A mistura de influências, que vai do Tool ao The Mars Volta e Black Sabbath, arrastou uma quantidade considerável de fãs ao Jaó Music Hall. Muitos deles que foram apenas para ver o trio ucraniano que tem Igor Sydorenko no vocal e guitarra, Sergii Sliusar no baixo e um baterista substituto, que entrou no lugar de Viktor Kondratov para a turnê em agosto. Com um show comemorativo de cinco anos do lançamento do álbum Seven Thunders Roar, essa é a segunda vez que o grupo vem da Ucrânia para a América Latina, como aconteceu em 2016.

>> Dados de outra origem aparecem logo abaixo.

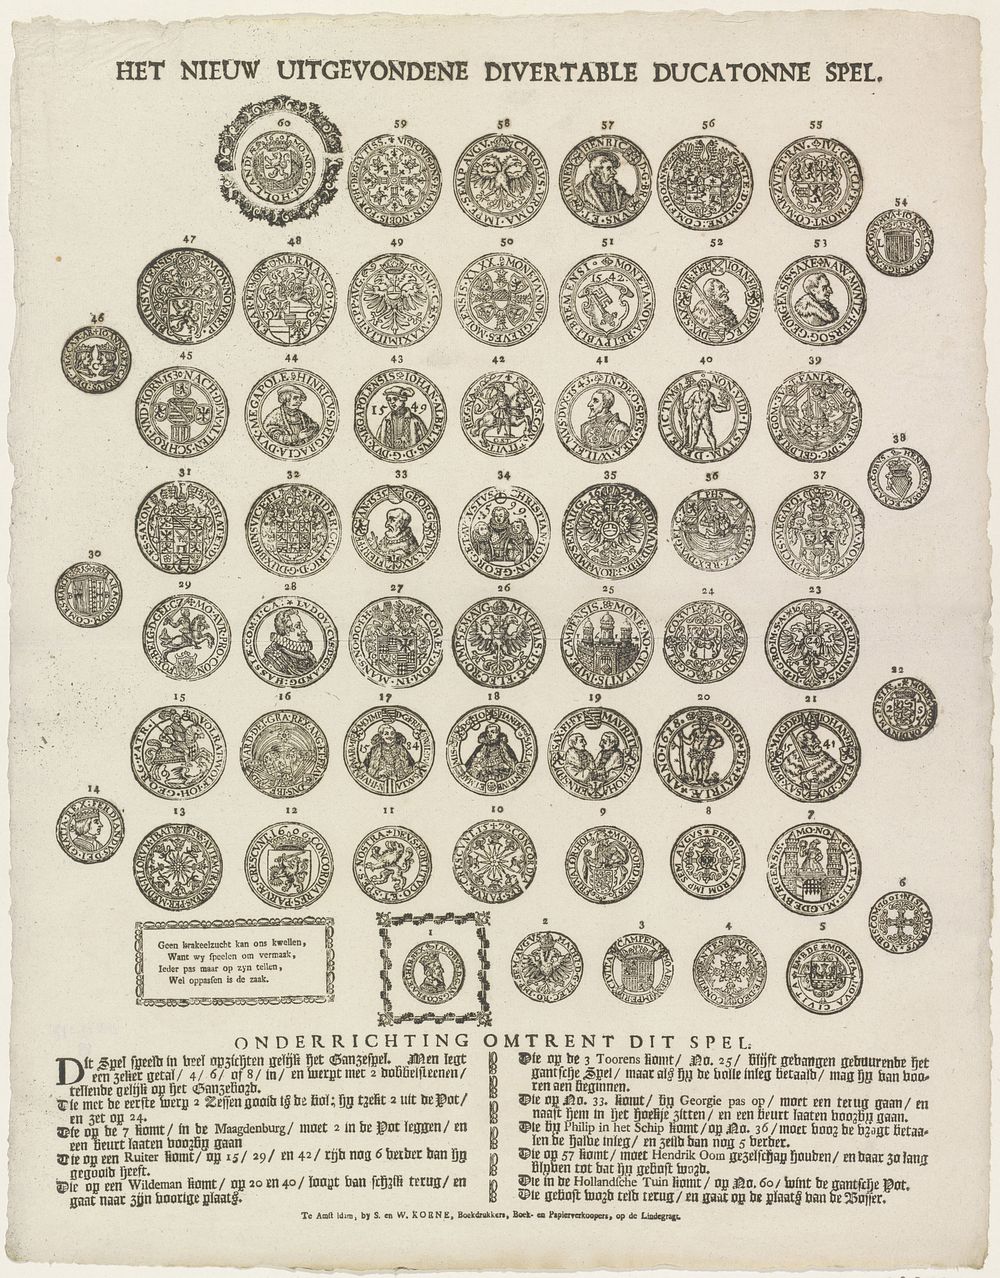 Het nieuw uitgevondene divertable ducatonne spel (1781 - 1800) by S  and W Koene

Electric Mistress mostrou a pegada mais Black Sabbath da banda, com todo o peso necessário para agradar os fãs que não perderam um sequer detalhe da apresentação da “Jesus Chapado”, como os brasileiros chamam a banda. Mas foi reduzida para caber no show, já que tem pouco mais de nove minutos. Aliás, o vocalista adora tanto a tradução do nome que usou nas postagens das redes sociais dos detalhes das cidades pelas quais a Stoned Jesus passou com a turnê no Brasil.

Se eu contei certo, o trio conseguiu tocar quatro músicas ao vivo – Bright Like the Morning, Electric Mistress, Indian e I’m the Mountain – nos 30 minutos que tinha. Assim como no dia anterior, em que fãs do Cólera queriam mais tempo para a banda punk paulistana, os seguidores da “Jesus Chapado” bem que gostariam de ver os 47 minutos do álbum ao vivo. Mas todo mundo pareceu bastante feliz e satisfeito quando o show acabou.
Retorno ao rock em português
Rocca Vegas, a mais nova banda do vocalista cearense Maurílio Fernandes, ex-Switch Stance, mostrou uma pegada mais comercial e pop rock do que o público esperava naquela noite. Mesmo assim, o quinteto mostrou uma boa pegada no quarto show desde o início do grupo com canções como Noite, Sinal de Alerta e O Anti Herói, na qual Maurílio pediu a ajuda do público para cantar o refrão. “Uma coisa que me chamou a atenção das outras duas vezes que vim tocar em Goiânia: o povo vê as bandas desconhecidas por curiosidade. Isso não acontece em outros lugares.”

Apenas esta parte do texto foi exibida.